Provided material -
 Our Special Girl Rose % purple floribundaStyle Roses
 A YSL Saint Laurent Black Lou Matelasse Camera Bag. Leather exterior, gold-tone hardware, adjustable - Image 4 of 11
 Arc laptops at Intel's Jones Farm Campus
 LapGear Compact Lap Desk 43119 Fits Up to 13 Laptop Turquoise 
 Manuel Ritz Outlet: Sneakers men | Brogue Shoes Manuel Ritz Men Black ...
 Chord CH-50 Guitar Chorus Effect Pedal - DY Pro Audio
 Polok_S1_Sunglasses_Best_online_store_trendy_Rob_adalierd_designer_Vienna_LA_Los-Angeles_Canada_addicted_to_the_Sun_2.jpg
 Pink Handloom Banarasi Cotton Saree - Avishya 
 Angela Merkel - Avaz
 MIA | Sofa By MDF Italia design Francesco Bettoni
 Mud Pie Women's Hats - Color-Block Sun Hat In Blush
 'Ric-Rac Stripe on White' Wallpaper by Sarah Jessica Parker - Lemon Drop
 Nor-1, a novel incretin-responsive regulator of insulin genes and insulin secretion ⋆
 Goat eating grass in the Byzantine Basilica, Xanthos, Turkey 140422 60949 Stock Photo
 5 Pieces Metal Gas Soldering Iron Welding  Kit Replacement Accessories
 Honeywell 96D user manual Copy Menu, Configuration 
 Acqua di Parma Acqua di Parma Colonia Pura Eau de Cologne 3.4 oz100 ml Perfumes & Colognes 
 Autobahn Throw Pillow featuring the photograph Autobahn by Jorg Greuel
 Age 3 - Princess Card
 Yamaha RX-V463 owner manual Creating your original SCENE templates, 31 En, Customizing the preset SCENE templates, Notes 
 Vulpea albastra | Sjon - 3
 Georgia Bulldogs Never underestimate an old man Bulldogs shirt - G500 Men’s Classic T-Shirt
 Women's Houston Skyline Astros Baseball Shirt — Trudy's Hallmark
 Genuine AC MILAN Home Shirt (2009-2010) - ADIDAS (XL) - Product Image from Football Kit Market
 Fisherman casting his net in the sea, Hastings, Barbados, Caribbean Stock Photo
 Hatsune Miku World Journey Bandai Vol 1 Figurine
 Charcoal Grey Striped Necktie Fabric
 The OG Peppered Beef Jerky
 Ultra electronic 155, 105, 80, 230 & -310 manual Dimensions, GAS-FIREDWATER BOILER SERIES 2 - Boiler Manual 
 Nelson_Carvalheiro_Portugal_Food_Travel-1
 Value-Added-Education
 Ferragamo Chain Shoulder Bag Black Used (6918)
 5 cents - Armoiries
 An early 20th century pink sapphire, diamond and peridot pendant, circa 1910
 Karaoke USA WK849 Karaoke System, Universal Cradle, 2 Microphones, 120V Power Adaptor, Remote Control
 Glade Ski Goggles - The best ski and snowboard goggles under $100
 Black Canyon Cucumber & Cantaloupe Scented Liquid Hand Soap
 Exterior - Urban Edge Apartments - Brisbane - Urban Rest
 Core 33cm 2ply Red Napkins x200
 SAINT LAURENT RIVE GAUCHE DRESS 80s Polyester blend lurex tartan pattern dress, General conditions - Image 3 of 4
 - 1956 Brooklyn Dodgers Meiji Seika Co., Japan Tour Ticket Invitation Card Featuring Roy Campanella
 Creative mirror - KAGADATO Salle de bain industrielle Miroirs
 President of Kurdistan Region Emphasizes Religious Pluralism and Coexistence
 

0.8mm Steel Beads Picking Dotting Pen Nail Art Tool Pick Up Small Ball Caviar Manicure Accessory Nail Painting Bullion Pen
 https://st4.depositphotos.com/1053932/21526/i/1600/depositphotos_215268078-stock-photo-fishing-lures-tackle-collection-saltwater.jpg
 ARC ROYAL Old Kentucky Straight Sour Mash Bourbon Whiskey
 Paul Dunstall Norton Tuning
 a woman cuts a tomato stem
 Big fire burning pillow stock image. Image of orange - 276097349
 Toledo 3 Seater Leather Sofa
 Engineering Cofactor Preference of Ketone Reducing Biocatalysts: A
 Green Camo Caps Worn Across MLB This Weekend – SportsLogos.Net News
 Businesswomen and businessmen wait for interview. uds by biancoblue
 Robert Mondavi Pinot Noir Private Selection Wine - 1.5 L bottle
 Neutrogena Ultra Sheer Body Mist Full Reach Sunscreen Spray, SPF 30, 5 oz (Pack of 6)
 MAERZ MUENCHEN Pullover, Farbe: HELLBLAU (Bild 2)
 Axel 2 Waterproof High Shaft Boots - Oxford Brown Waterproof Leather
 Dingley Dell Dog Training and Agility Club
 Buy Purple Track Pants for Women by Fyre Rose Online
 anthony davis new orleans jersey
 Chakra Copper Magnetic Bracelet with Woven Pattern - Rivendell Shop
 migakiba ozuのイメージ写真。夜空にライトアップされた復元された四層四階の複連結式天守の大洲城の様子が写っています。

Aim of the exercise - Would you please write the entries out again in full, exactly as given?

Response for this exercise -
 Our Special Girl Rose % purple floribundaStyle Roses
 A YSL Saint Laurent Black Lou Matelasse Camera Bag. Leather exterior, gold-tone hardware, adjustable - Image 4 of 11
 Arc laptops at Intel's Jones Farm Campus
 LapGear Compact Lap Desk 43119 Fits Up to 13 Laptop Turquoise 
 Manuel Ritz Outlet: Sneakers men | Brogue Shoes Manuel Ritz Men Black ...
 Chord CH-50 Guitar Chorus Effect Pedal - DY Pro Audio
 Polok_S1_Sunglasses_Best_online_store_trendy_Rob_adalierd_designer_Vienna_LA_Los-Angeles_Canada_addicted_to_the_Sun_2.jpg
 Pink Handloom Banarasi Cotton Saree - Avishya 
 Angela Merkel - Avaz
 MIA | Sofa By MDF Italia design Francesco Bettoni
 Mud Pie Women's Hats - Color-Block Sun Hat In Blush
 'Ric-Rac Stripe on White' Wallpaper by Sarah Jessica Parker - Lemon Drop
 Nor-1, a novel incretin-responsive regulator of insulin genes and insulin secretion ⋆
 Goat eating grass in the Byzantine Basilica, Xanthos, Turkey 140422 60949 Stock Photo
 5 Pieces Metal Gas Soldering Iron Welding  Kit Replacement Accessories
 Honeywell 96D user manual Copy Menu, Configuration 
 Acqua di Parma Acqua di Parma Colonia Pura Eau de Cologne 3.4 oz100 ml Perfumes & Colognes 
 Autobahn Throw Pillow featuring the photograph Autobahn by Jorg Greuel
 Age 3 - Princess Card
 Yamaha RX-V463 owner manual Creating your original SCENE templates, 31 En, Customizing the preset SCENE templates, Notes 
 Vulpea albastra | Sjon - 3
 Georgia Bulldogs Never underestimate an old man Bulldogs shirt - G500 Men’s Classic T-Shirt
 Women's Houston Skyline Astros Baseball Shirt — Trudy's Hallmark
 Genuine AC MILAN Home Shirt (2009-2010) - ADIDAS (XL) - Product Image from Football Kit Market
 Fisherman casting his net in the sea, Hastings, Barbados, Caribbean Stock Photo
 Hatsune Miku World Journey Bandai Vol 1 Figurine
 Charcoal Grey Striped Necktie Fabric
 The OG Peppered Beef Jerky
 Ultra electronic 155, 105, 80, 230 & -310 manual Dimensions, GAS-FIREDWATER BOILER SERIES 2 - Boiler Manual 
 Nelson_Carvalheiro_Portugal_Food_Travel-1
 Value-Added-Education
 Ferragamo Chain Shoulder Bag Black Used (6918)
 5 cents - Armoiries
 An early 20th century pink sapphire, diamond and peridot pendant, circa 1910
 Karaoke USA WK849 Karaoke System, Universal Cradle, 2 Microphones, 120V Power Adaptor, Remote Control
 Glade Ski Goggles - The best ski and snowboard goggles under $100
 Black Canyon Cucumber & Cantaloupe Scented Liquid Hand Soap
 Exterior - Urban Edge Apartments - Brisbane - Urban Rest
 Core 33cm 2ply Red Napkins x200
 SAINT LAURENT RIVE GAUCHE DRESS 80s Polyester blend lurex tartan pattern dress, General conditions - Image 3 of 4
 - 1956 Brooklyn Dodgers Meiji Seika Co., Japan Tour Ticket Invitation Card Featuring Roy Campanella
 Creative mirror - KAGADATO Salle de bain industrielle Miroirs
 President of Kurdistan Region Emphasizes Religious Pluralism and Coexistence
 

0.8mm Steel Beads Picking Dotting Pen Nail Art Tool Pick Up Small Ball Caviar Manicure Accessory Nail Painting Bullion Pen
 https://st4.depositphotos.com/1053932/21526/i/1600/depositphotos_215268078-stock-photo-fishing-lures-tackle-collection-saltwater.jpg
 ARC ROYAL Old Kentucky Straight Sour Mash Bourbon Whiskey
 Paul Dunstall Norton Tuning
 a woman cuts a tomato stem
 Big fire burning pillow stock image. Image of orange - 276097349
 Toledo 3 Seater Leather Sofa
 Engineering Cofactor Preference of Ketone Reducing Biocatalysts: A
 Green Camo Caps Worn Across MLB This Weekend – SportsLogos.Net News
 Businesswomen and businessmen wait for interview. uds by biancoblue
 Robert Mondavi Pinot Noir Private Selection Wine - 1.5 L bottle
 Neutrogena Ultra Sheer Body Mist Full Reach Sunscreen Spray, SPF 30, 5 oz (Pack of 6)
 MAERZ MUENCHEN Pullover, Farbe: HELLBLAU (Bild 2)
 Axel 2 Waterproof High Shaft Boots - Oxford Brown Waterproof Leather
 Dingley Dell Dog Training and Agility Club
 Buy Purple Track Pants for Women by Fyre Rose Online
 anthony davis new orleans jersey
 Chakra Copper Magnetic Bracelet with Woven Pattern - Rivendell Shop
 migakiba ozuのイメージ写真。夜空にライトアップされた復元された四層四階の複連結式天守の大洲城の様子が写っています。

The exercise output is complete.